_WHAT THE TASK ASKS_
Give back exactly the lines of the entries below from the line with "The Incredible Hulk" to the line with "Leather Textured Belt", inclusive, and only those.

_DATA_
*** Begin section ***
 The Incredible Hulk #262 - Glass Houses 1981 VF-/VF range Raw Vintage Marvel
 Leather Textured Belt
*** End section ***
*** Begin section ***
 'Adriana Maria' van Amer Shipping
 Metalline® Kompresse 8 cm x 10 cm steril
*** End section ***
*** Begin section ***
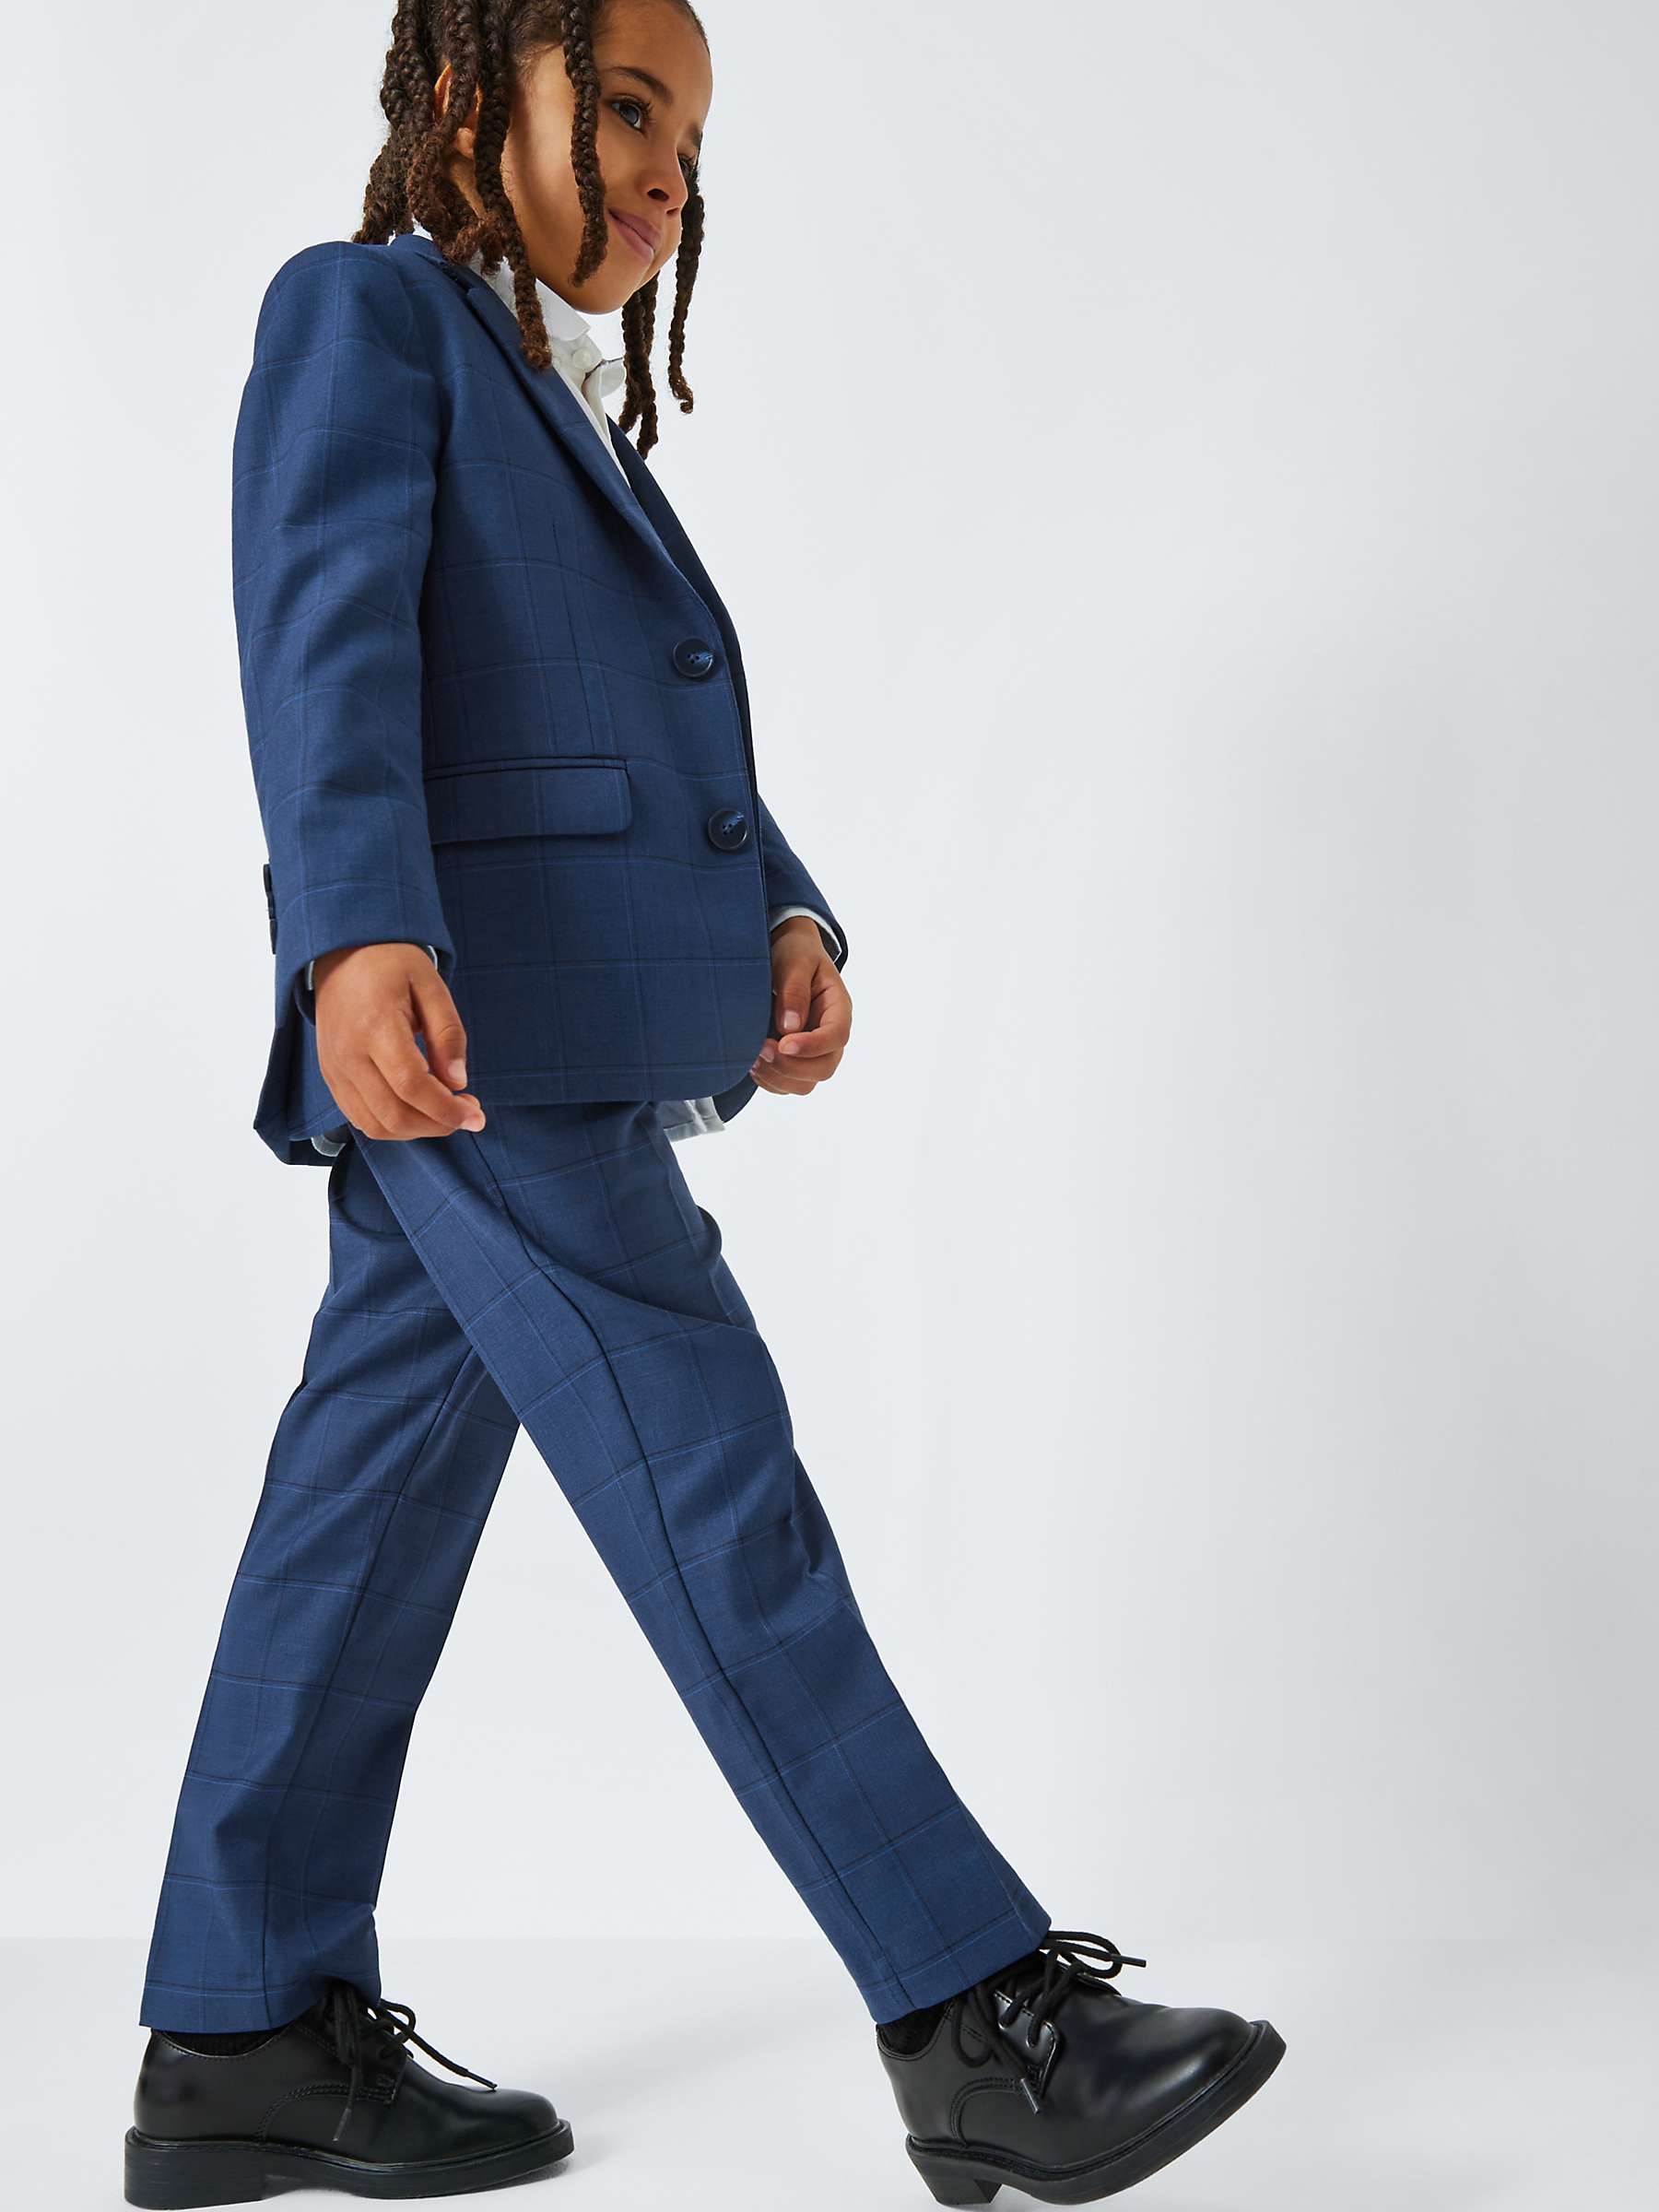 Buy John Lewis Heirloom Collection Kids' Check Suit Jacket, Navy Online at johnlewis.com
*** End section ***
_ANSWER SECTION_
 The Incredible Hulk #262 - Glass Houses 1981 VF-/VF range Raw Vintage Marvel
 Leather Textured Belt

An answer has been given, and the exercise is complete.